→ **TASK DIRECTIONS**:
Please set down exactly the lines from the one that contains "Victorien Horloge murale" through the end of the material, leaving out every picture.

→ **SOURCE DATA**:
------------------------------
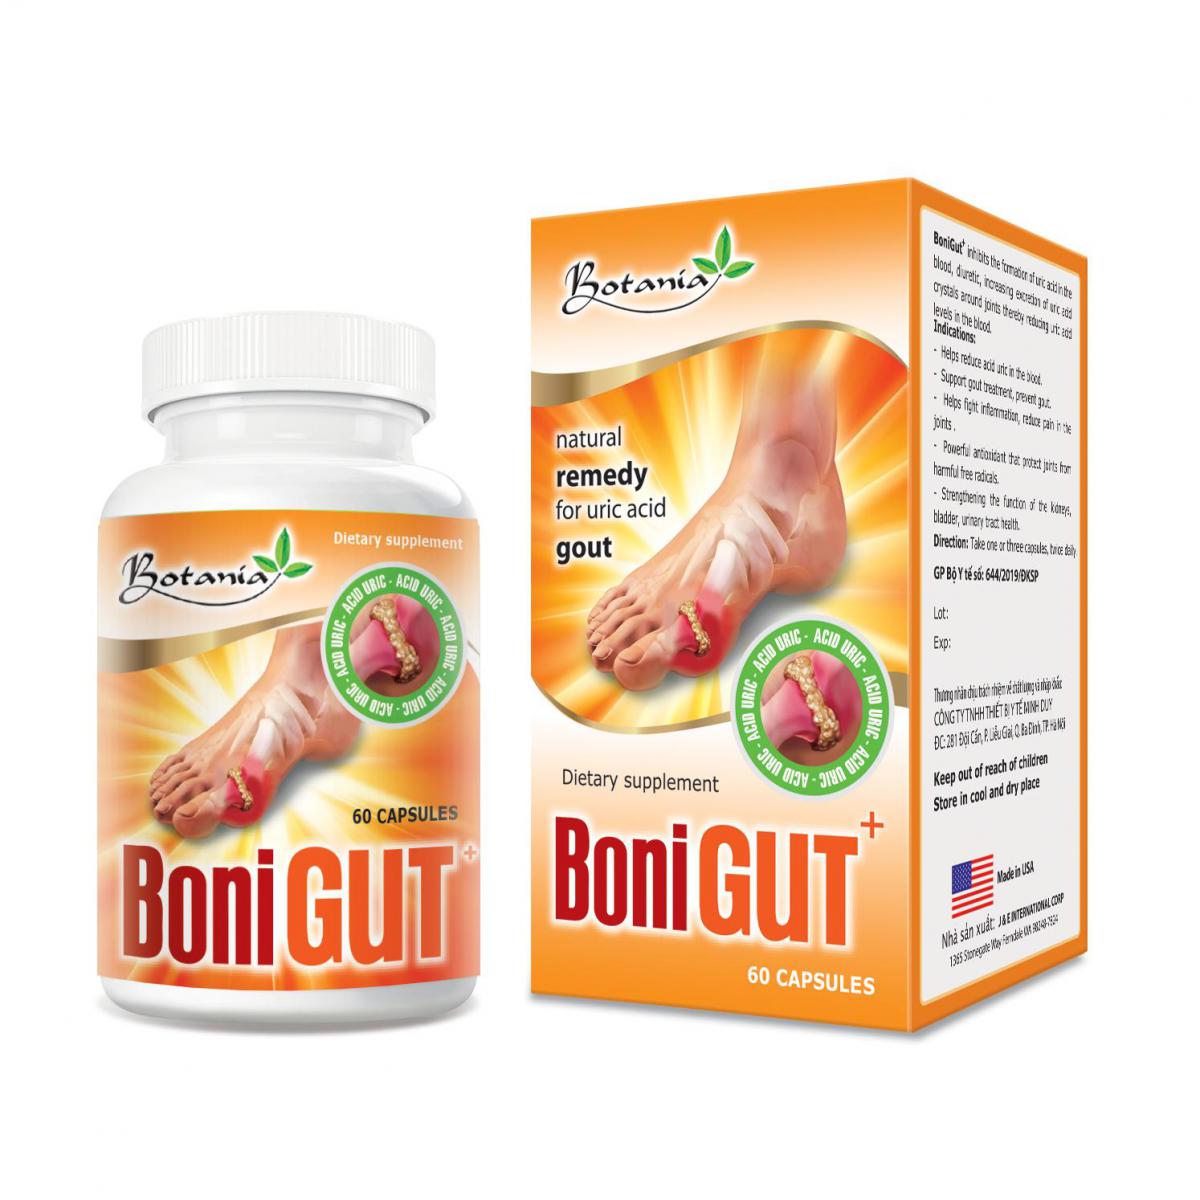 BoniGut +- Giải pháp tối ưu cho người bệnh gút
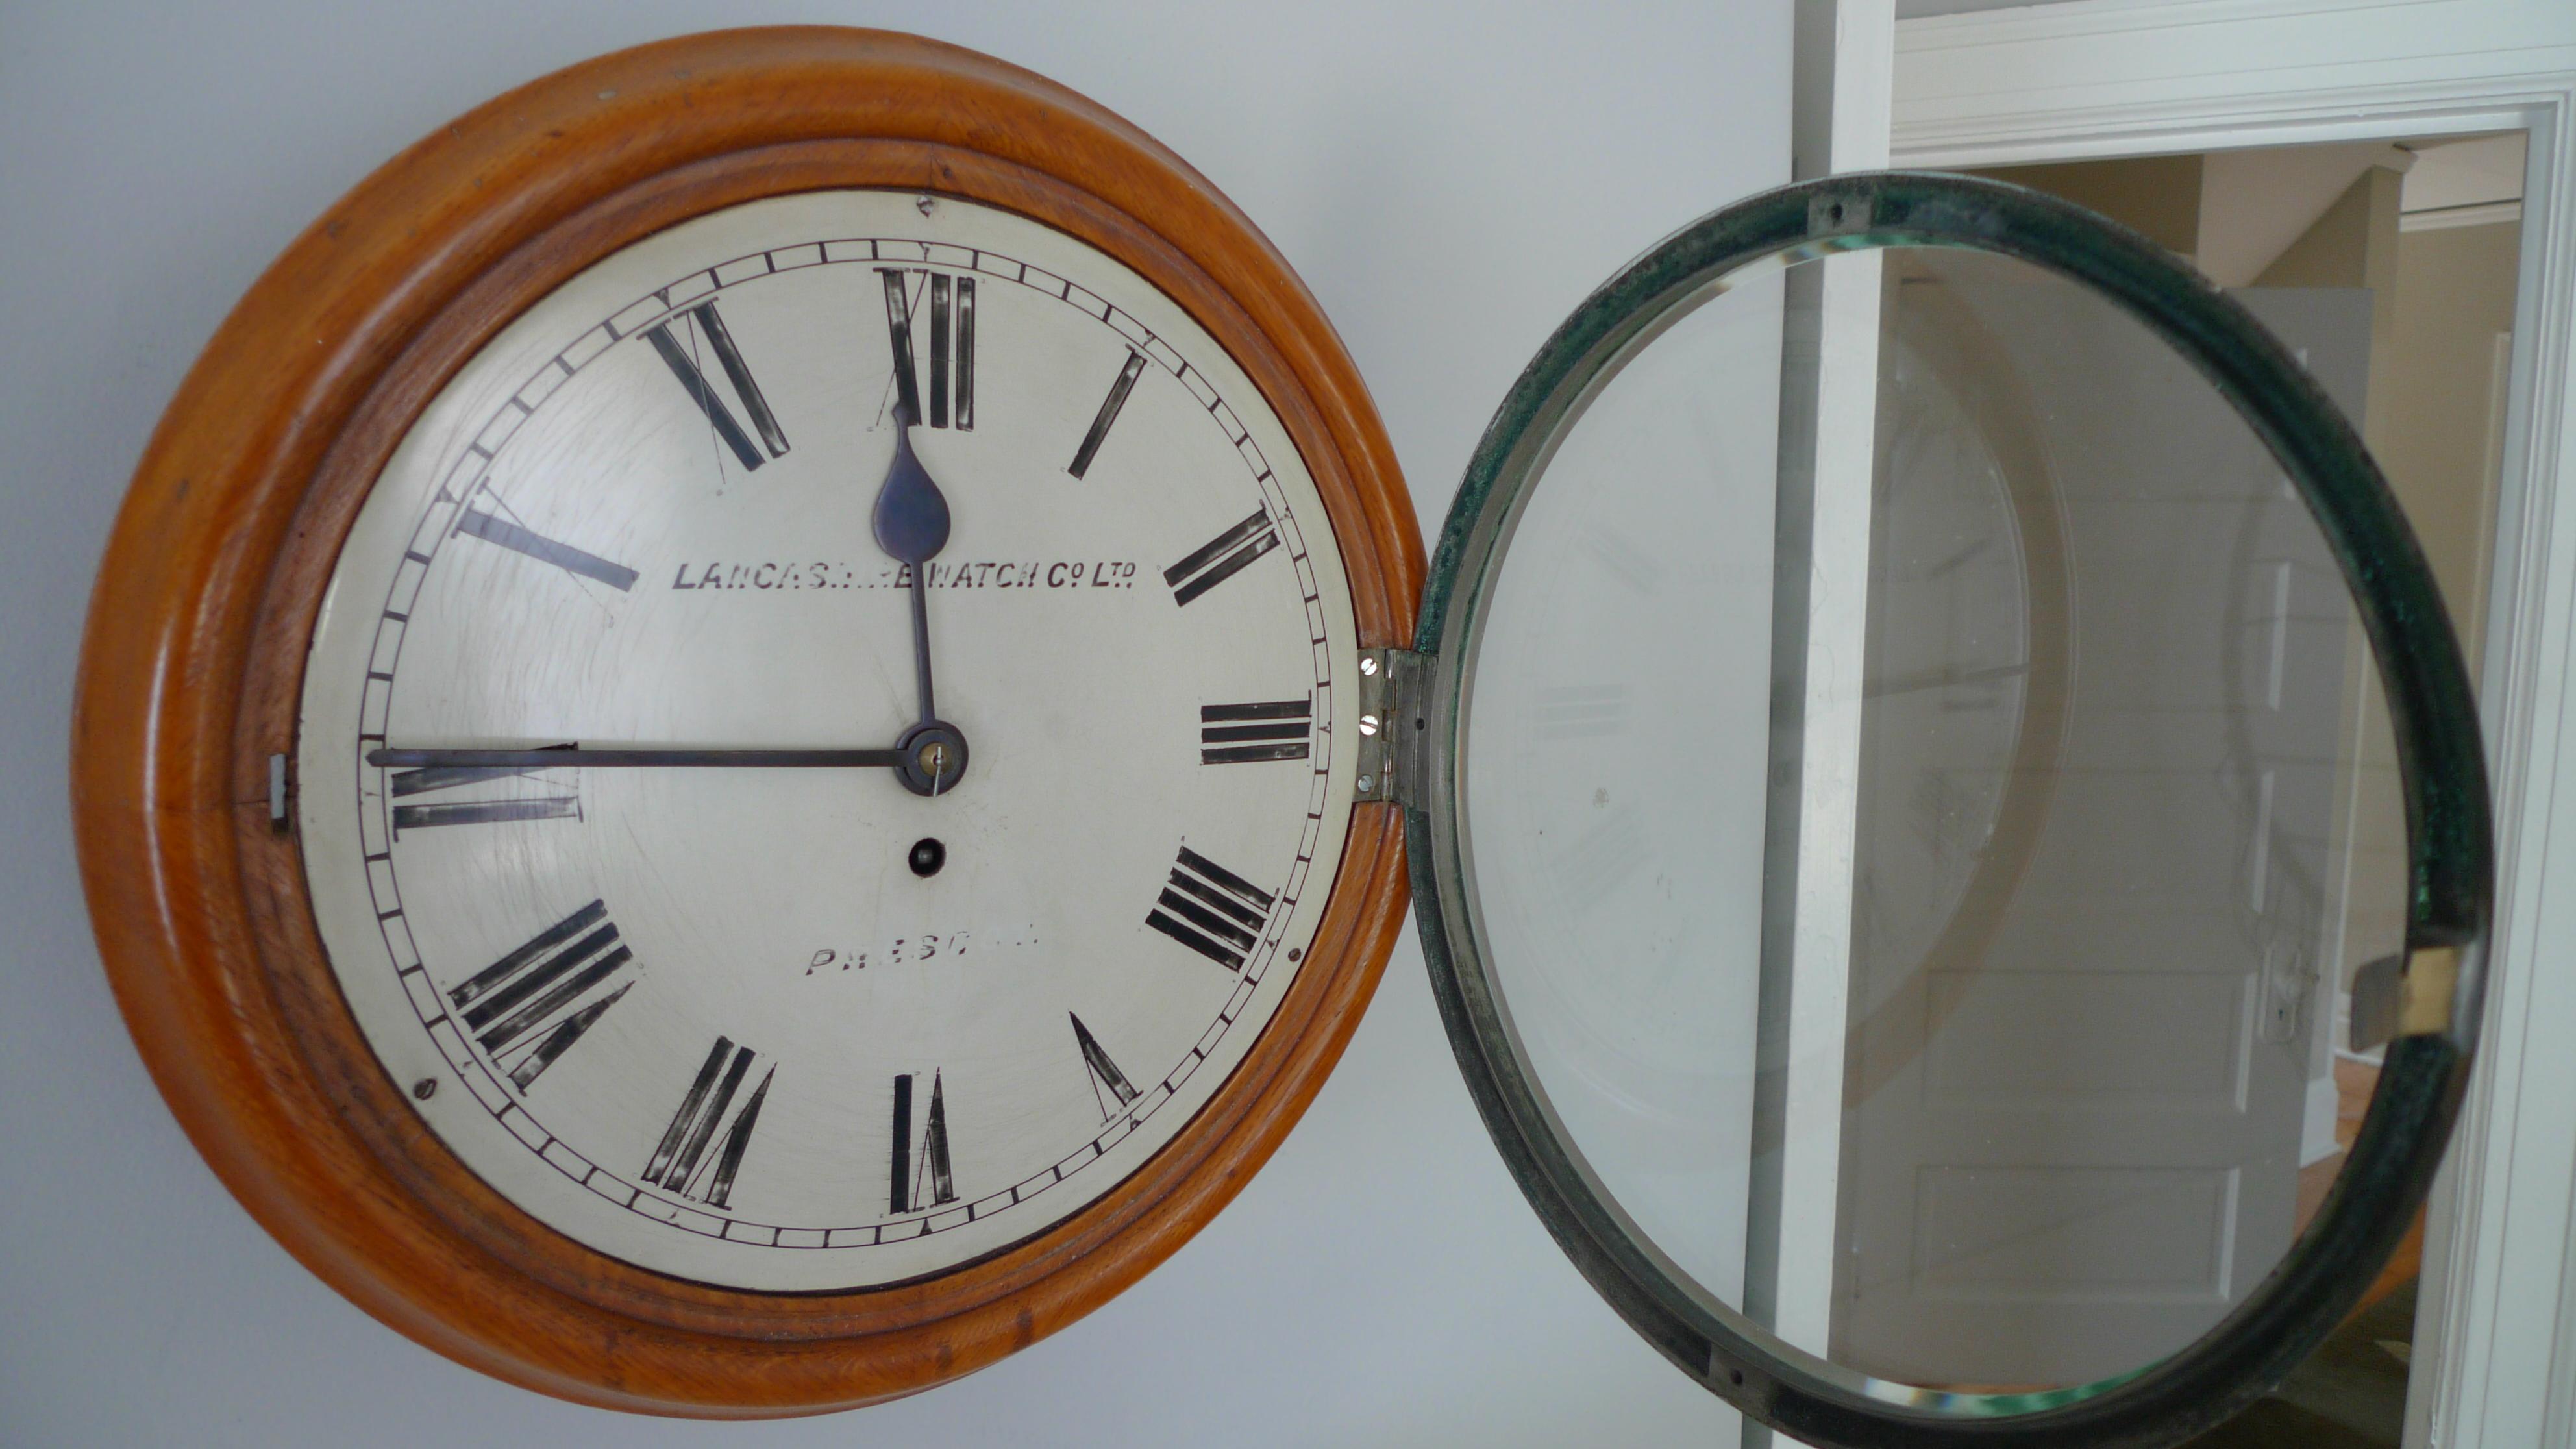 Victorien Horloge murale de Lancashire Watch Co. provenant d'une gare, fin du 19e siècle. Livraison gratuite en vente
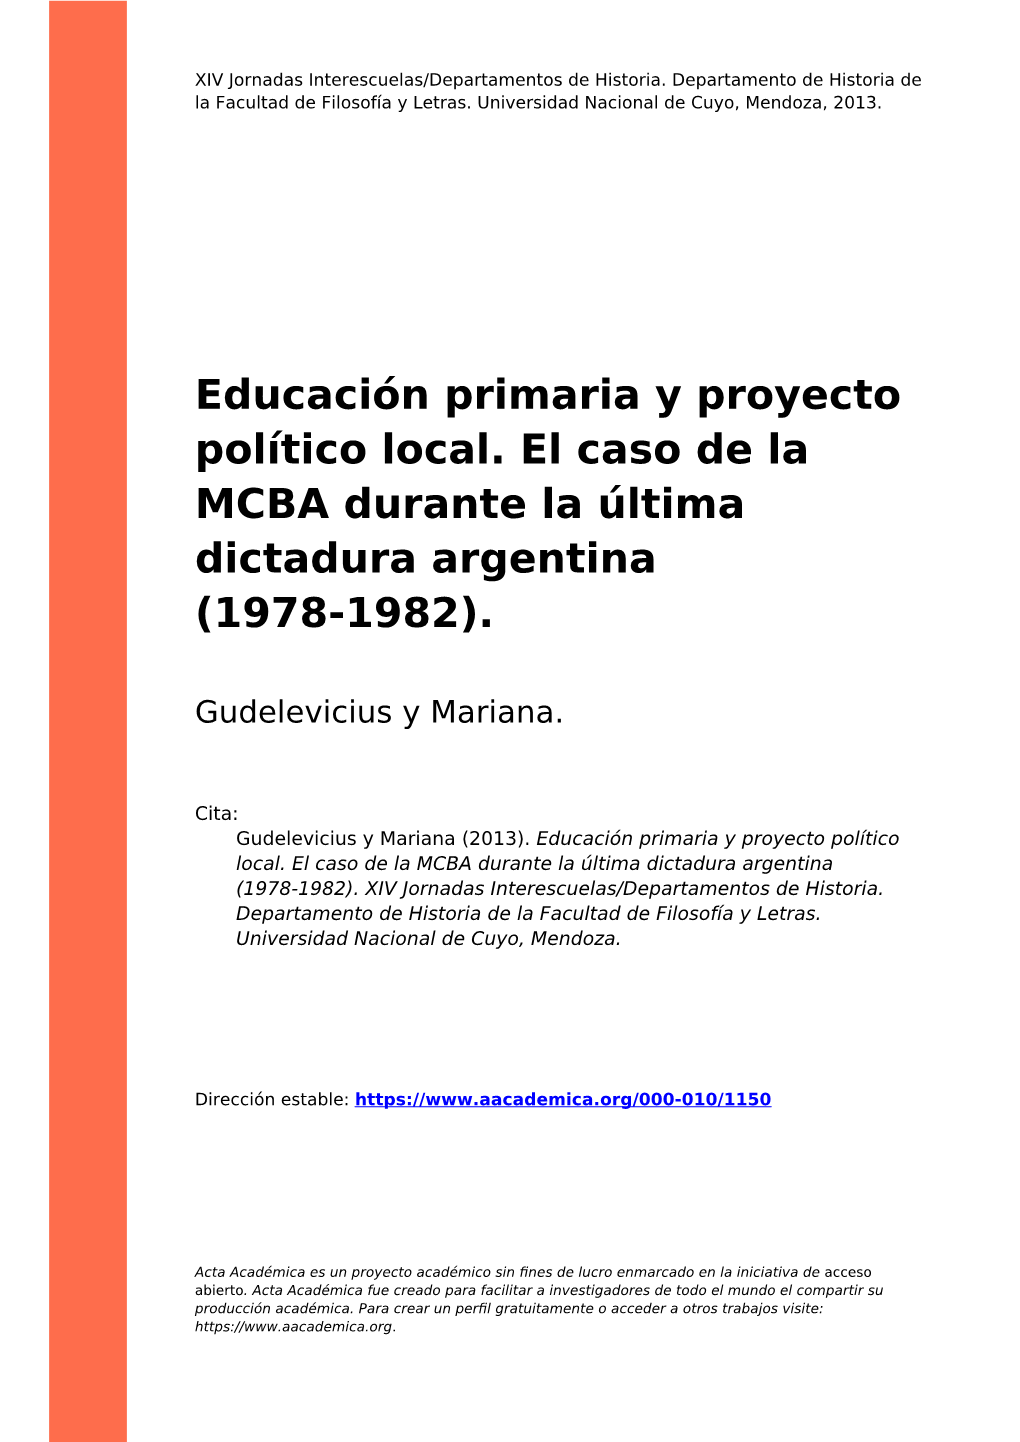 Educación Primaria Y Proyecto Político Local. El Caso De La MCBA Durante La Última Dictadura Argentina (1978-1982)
------------------------------
→ **YOUR RESPONSE**:
 Victorien Horloge murale de Lancashire Watch Co. provenant d'une gare, fin du 19e siècle. Livraison gratuite en vente
 Educación Primaria Y Proyecto Político Local. El Caso De La MCBA Durante La Última Dictadura Argentina (1978-1982)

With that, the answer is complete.